Майор сделал отметку красным карандашом на другом листке.

— Сколько лет вы сражались против нашей армии?

— Со дня переброски на фронт.

— То-есть?

— С марта пятнадцатого года.

— Когда вас взяли в плен?

Радузев опешил.

— Откуда вы взяли, что я был в плену?

Майор удивился.

— Не хотите ли вы сказать, что не были в плену?

— Я не был в плену.

Майор привстал с кресла.

— Повторите, что вы сказали?

— Повторяю: я не был в плену. Если вам об этом что-либо известно, так это недоразумение... Я возвращался с фронта в одежде военнопленного, чтобы в дороге избегнуть всяких эксцессов... В те горячие месяцы с офицерами расправлялись круто. Мне удалось достать документы умершего от сыпняка одного военнопленного. Звали покойного Сивошапкой... Дома я сохранил эту версию...

Впервые, за все время допроса, смутился майор.

— Постойте, одну минуточку.

Майор подошел к небольшому железному сундуку и отпер замок. Офицер долго рылся в сундуке и наконец вынул папку. Стоя спиной к Радузеву, майор пересматривал наколотые на застежку листки бумаги. Потом, весь багровый, он подошел к Радузеву.

— Лгать?

Кажется, ему стоило больших трудов, чтобы не ударить Радузева по лицу.

— Лгать?

Радузев отшатнулся: неприятный запах от дыхания майора обдал его.

— Лгать офицеру германской армии? Так нагло лгать?

Майор выпил полстакана воды. Немного остыв, он положил на место коричневую папку, сделал пометку красным карандашом, потом аккуратно отщелкнул гильотинкой кончик сигары и со вкусом затянулся, глядя остановившимися глазами на Радузева.

«Когда, наконец, это кончится?..» — подумал Радузев. Ему до того хотелось курить, что от чужого дыма кружилась голова.

— Итак, в декабре шестнадцатого года мы захватили вас в плен. Вы видели когда-нибудь коменданта лагеря?

— Не помню.

— А вы узнали бы его, если б встретили?

— Не знаю.

— Взгляните внимательней на меня. Глядите внимательно, вот так: в ан-фас и в профиль. Ну?

Радузев побледнел.

— Узнали?

— Вы — майор фон-Чаммер?

— Он самый...

Несколько минут оба молчали. Радузев потянулся за сигарами и снова не взял их.

— Теперь нам легче будет продолжать беседу. Вы бежали из плена и за это ответите. Но уйдем от лирических отступлений, они нам пока не нужны. Вернемся к теме. Итак, скажите мне со всею откровенностью, на которую я смею рассчитывать: кто здесь оказывал сопротивление нашим войскам?

— Я не выходил из усадьбы. Я ничего не знаю.

— Кто же тогда знает?

— Понятия не имею.

— Может быть, вы хоть скажете, кто поджег имение графа Рокотова?

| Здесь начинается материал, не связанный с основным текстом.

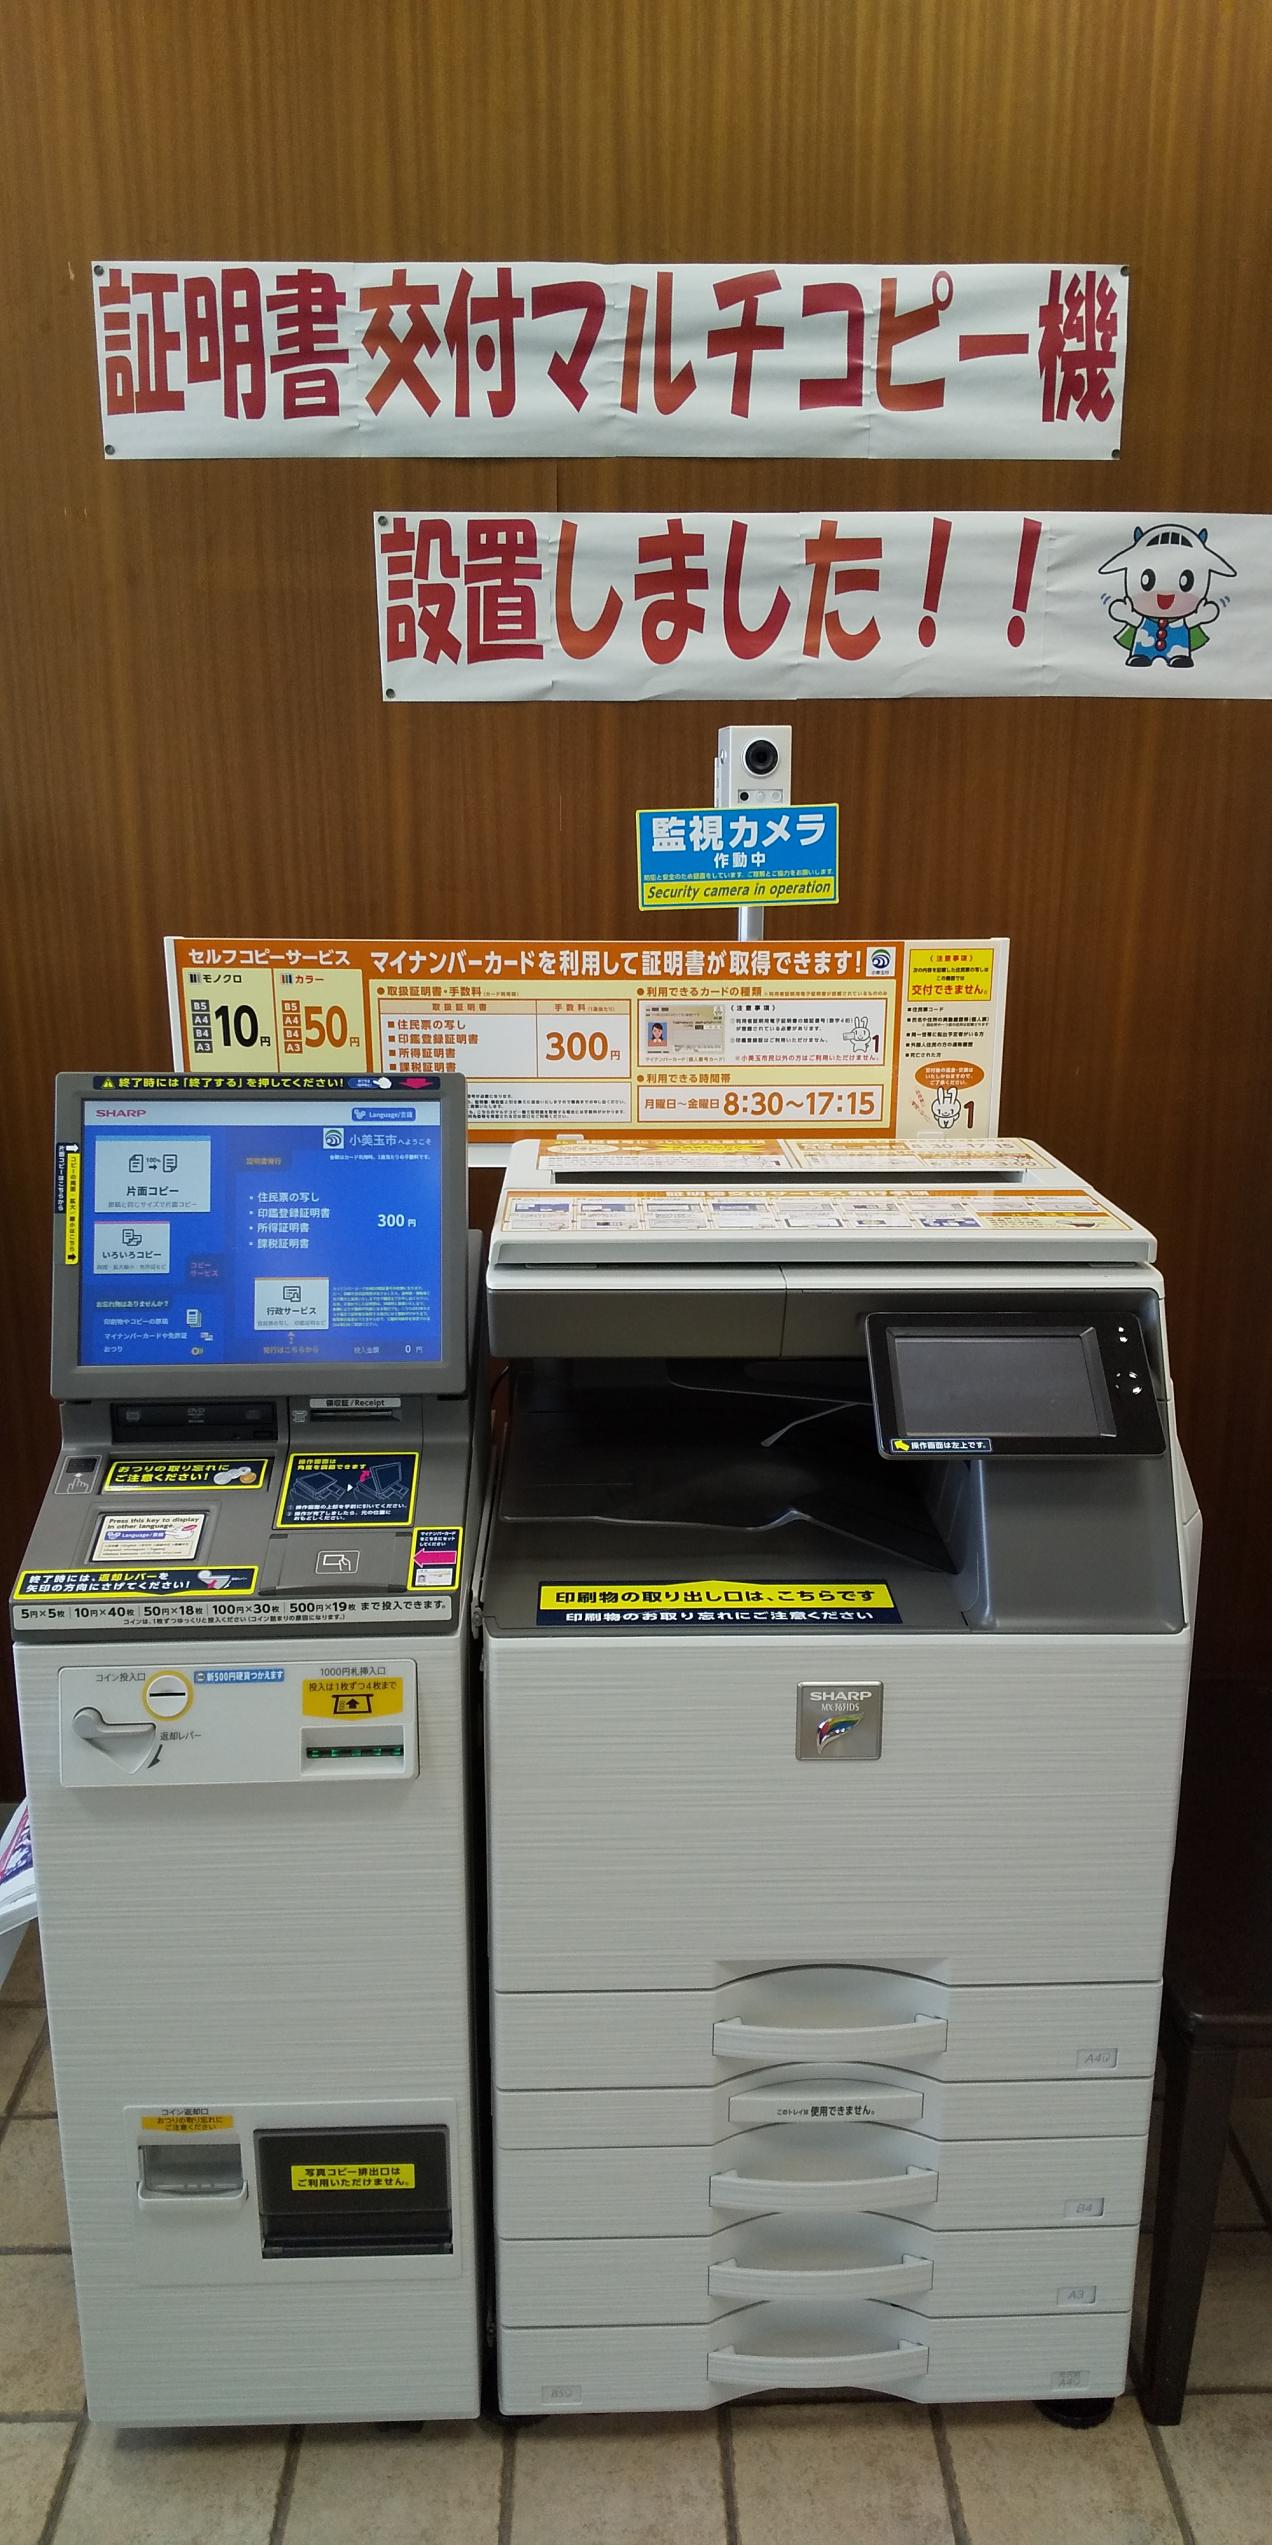 小川総合支所内に設置してあるマルチコピー機

— Я не поджигал! Откуда мне знать?

— Может быть, вы, как старый мой знакомый, скажете, кто обезоружил наш карательный отряд возле села Дубки?

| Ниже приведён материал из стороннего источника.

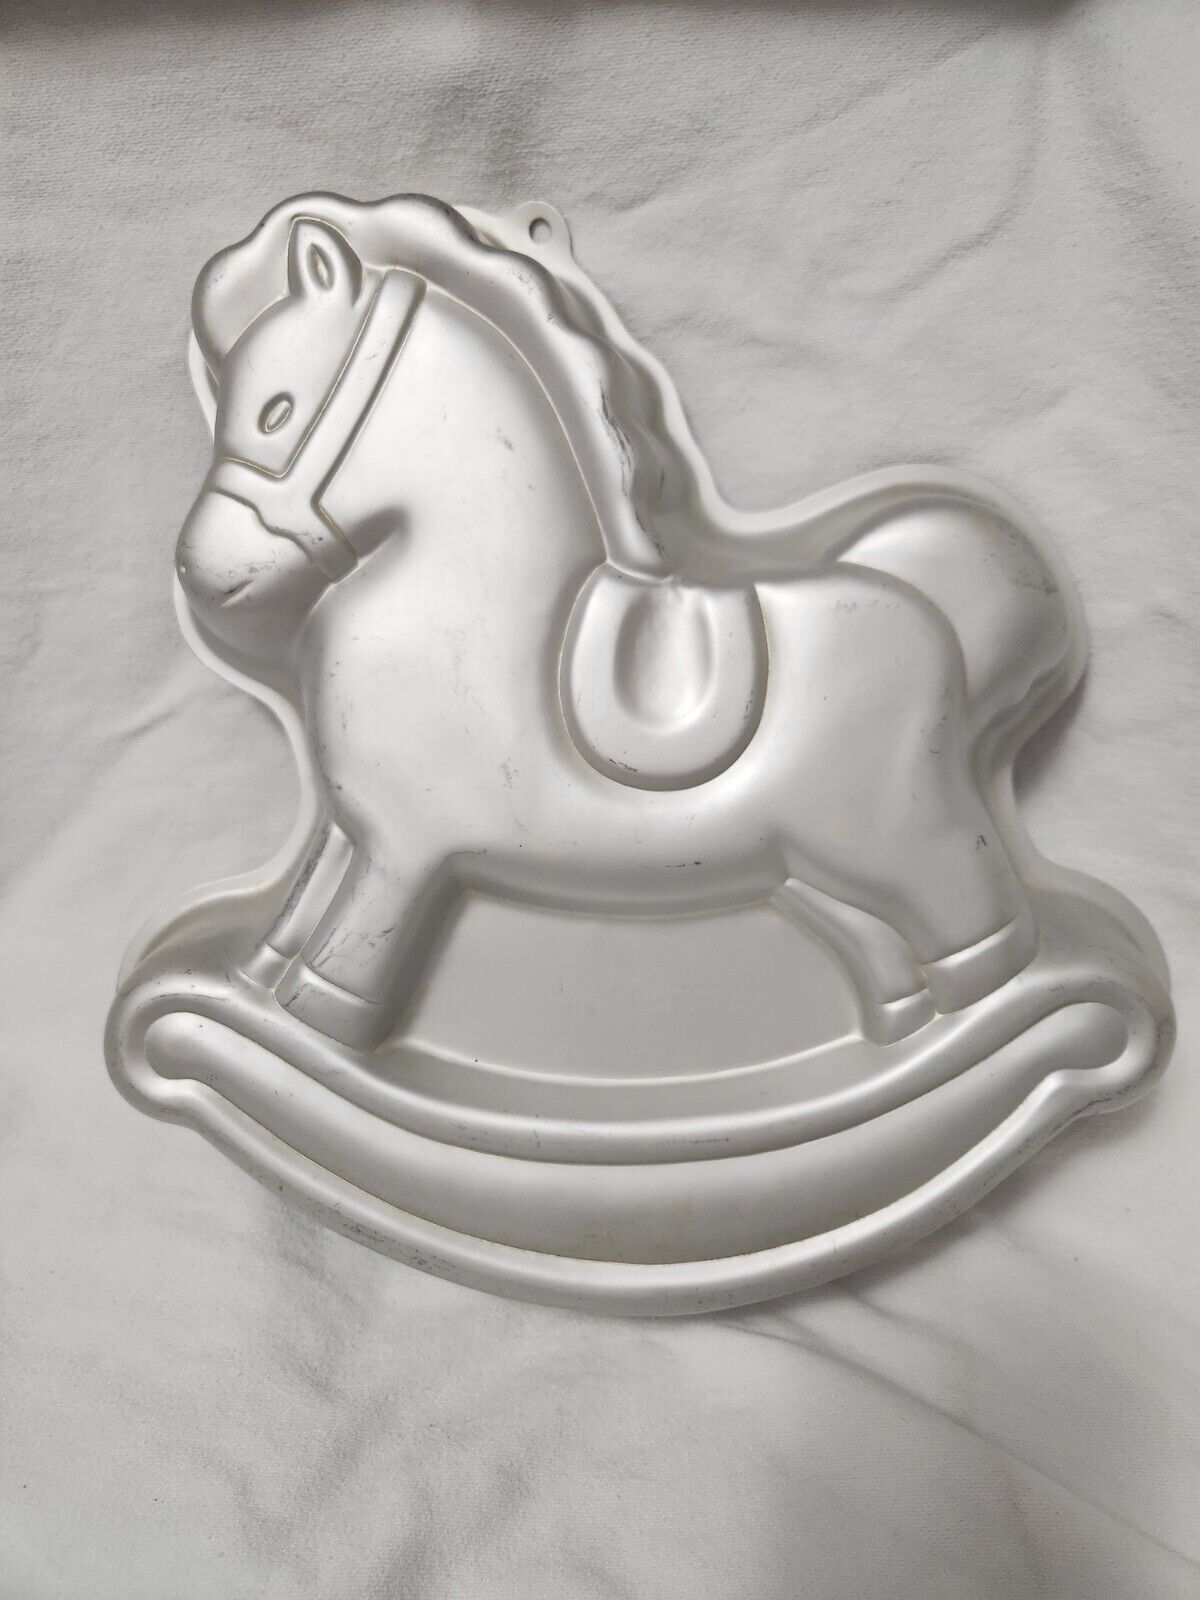 Vintage Wilton Rocking Horse Cake Pan 2105-2388 1984

Радузев удивленно посмотрел в глаза майору.

— Наконец, может быть, вы скажете, кто тревожит весь округ? Кто пускает наши поезда под откосы? Кто объединяет все партизанские отряды большевиков?

— Нет! Нет! Я ничего не знаю! Довольно мучить меня!

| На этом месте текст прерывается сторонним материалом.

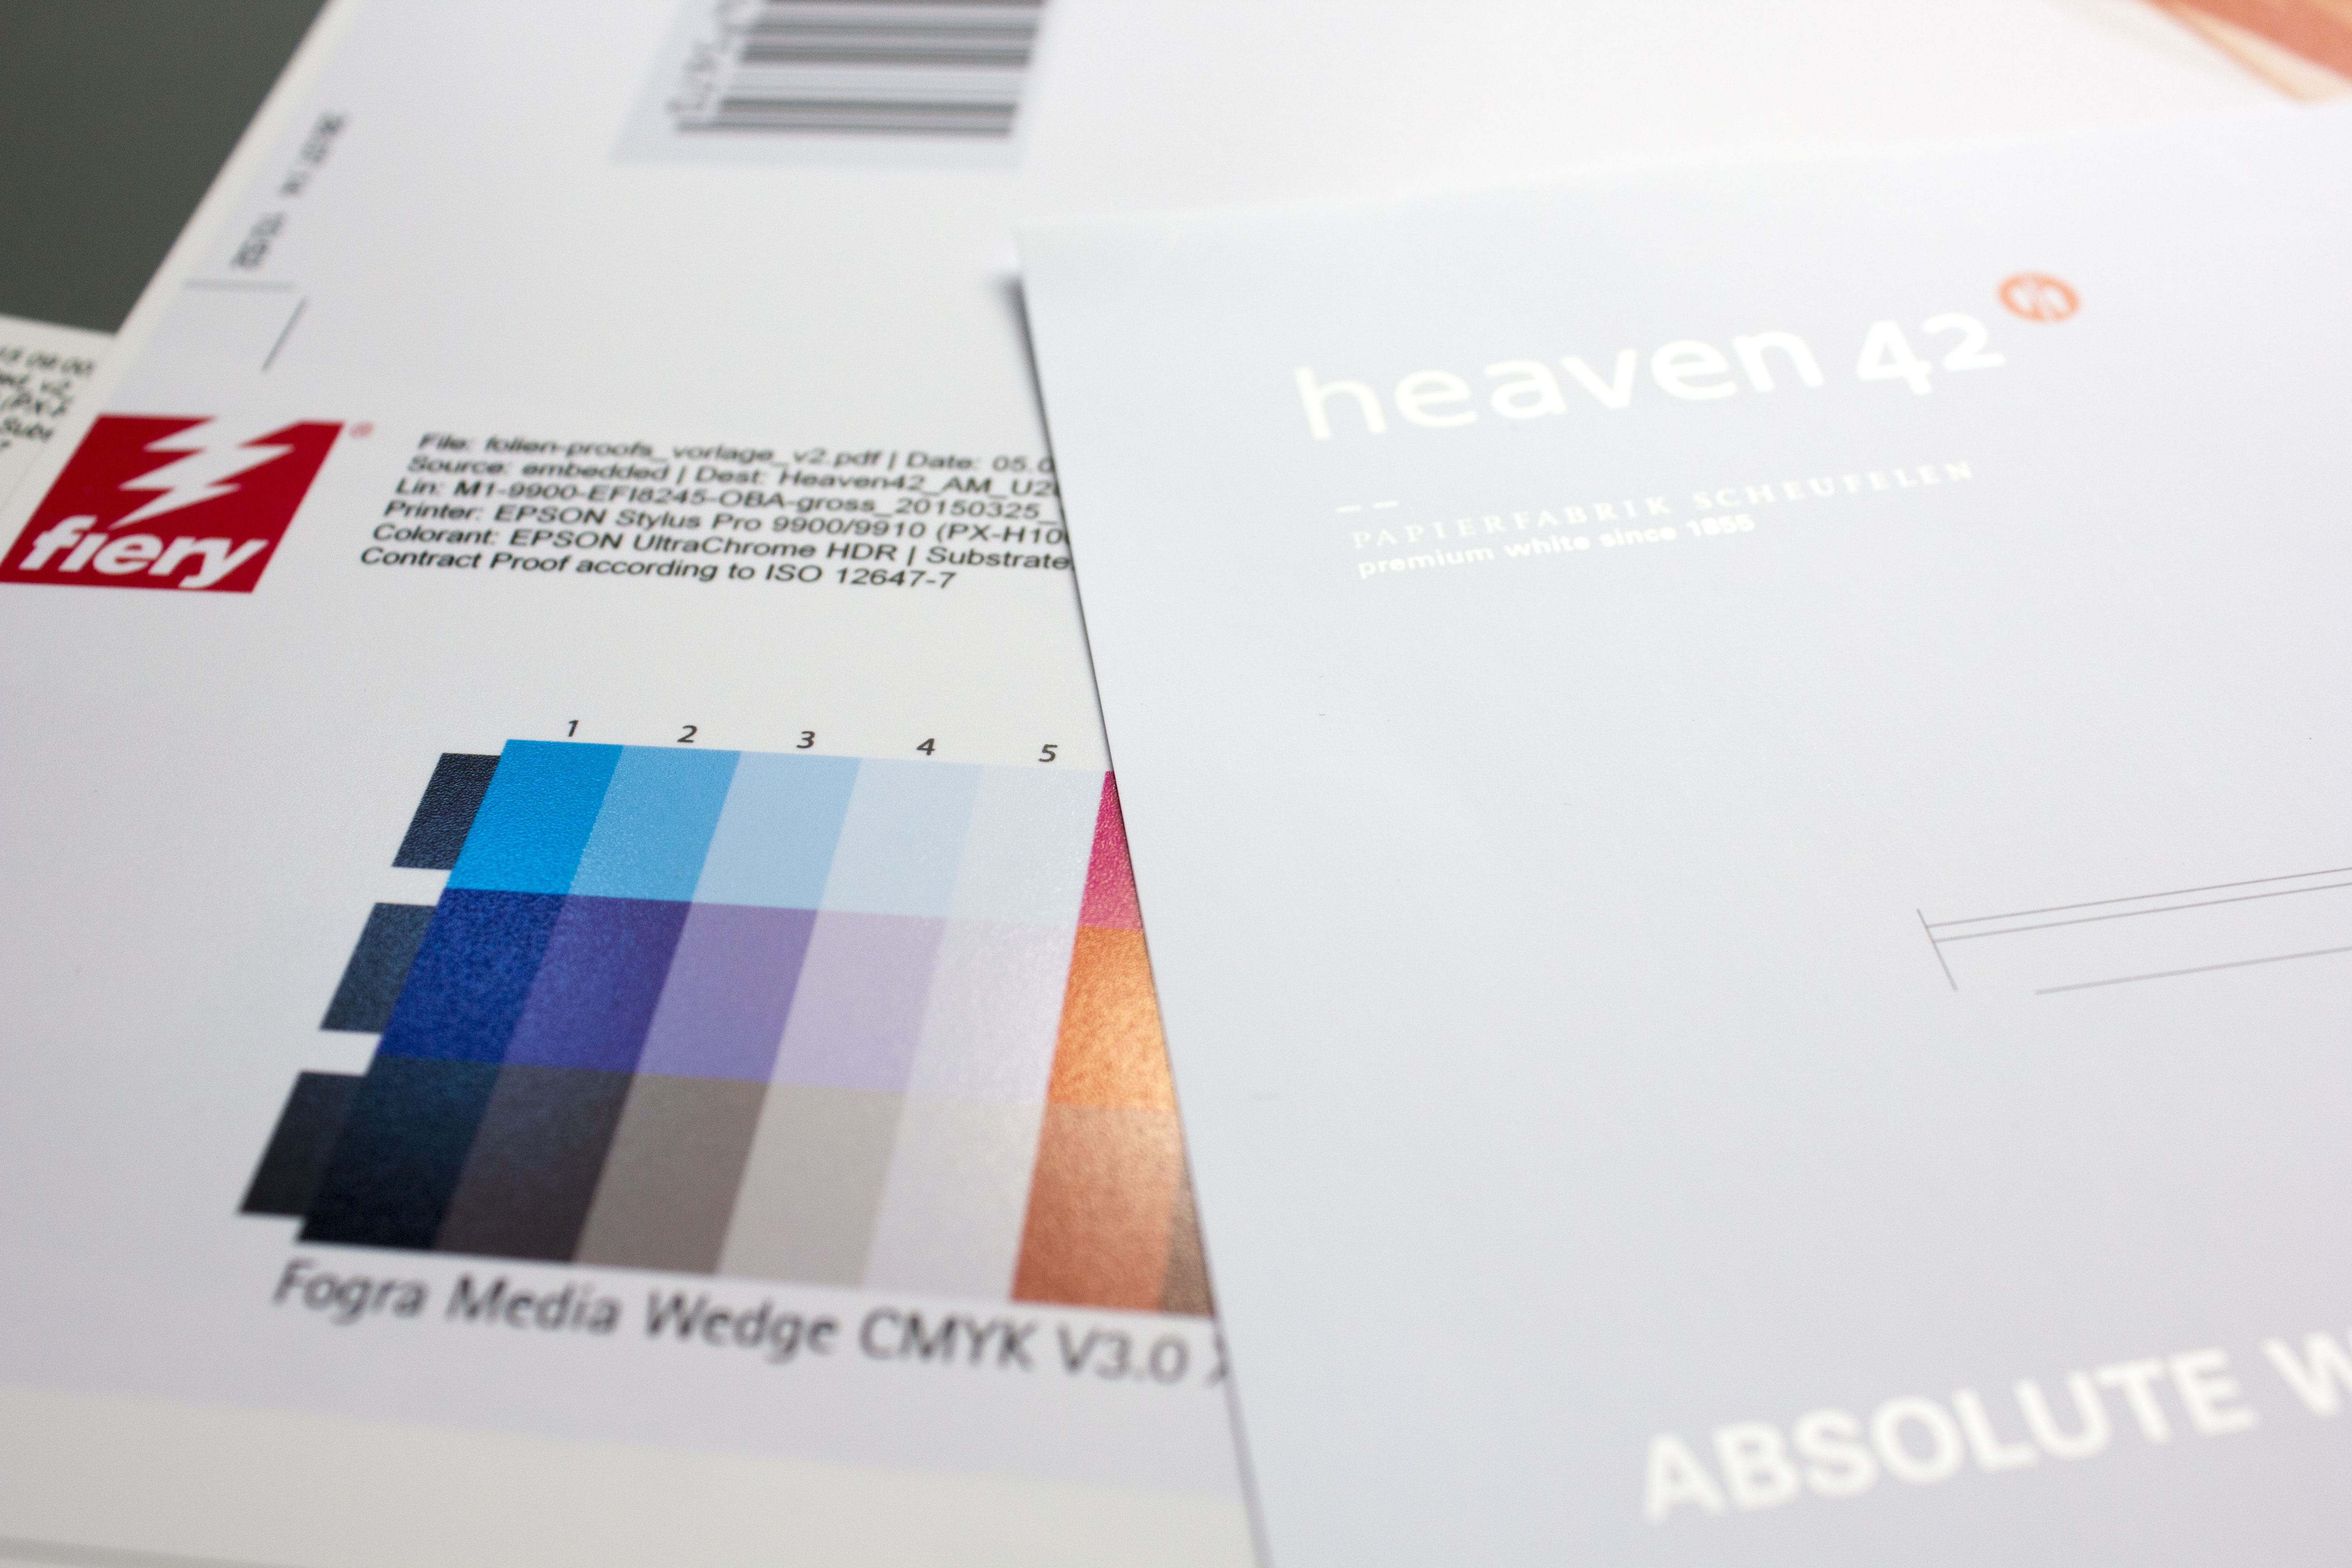 Scheufelen Heaven 42 Heaven42 Comparison with digital proof from Proof GmbH

Радузев застонал. Майор подошел и тряхнул его за руку.

— Бросьте! Стыдно! Итак, если вы ничего не знаете, я могу поделиться с вами. Это все делает ваш друг детства и благодетель — Лазарь Бляхер!

Наступило продолжительное молчание.

— Вы с ним поддерживаете связь, господин инженер?

Радузев встал.

— Вы все торопитесь! А между тем я не окончил беседы. Так невежливо и против устава! Я ведь старше вас по чину!

Радузев сел. Он был подавлен и лишен даже той злости, которая вначале поддерживала его.

— Теперь извольте подписать вот это.

— Что это?

— Подписка о невыезде. Ясно? Вы бежали из плена. Я вынужден сообщить об этом командованию.

Радузев подписал.

— А теперь подпишите акт.

— Какой акт?

— Вот этот. — Майор резким движением подсунул бумажку. — Вот этот! Этот! — и ткнул сухим пальцем в листок, исписанный синим карандашом.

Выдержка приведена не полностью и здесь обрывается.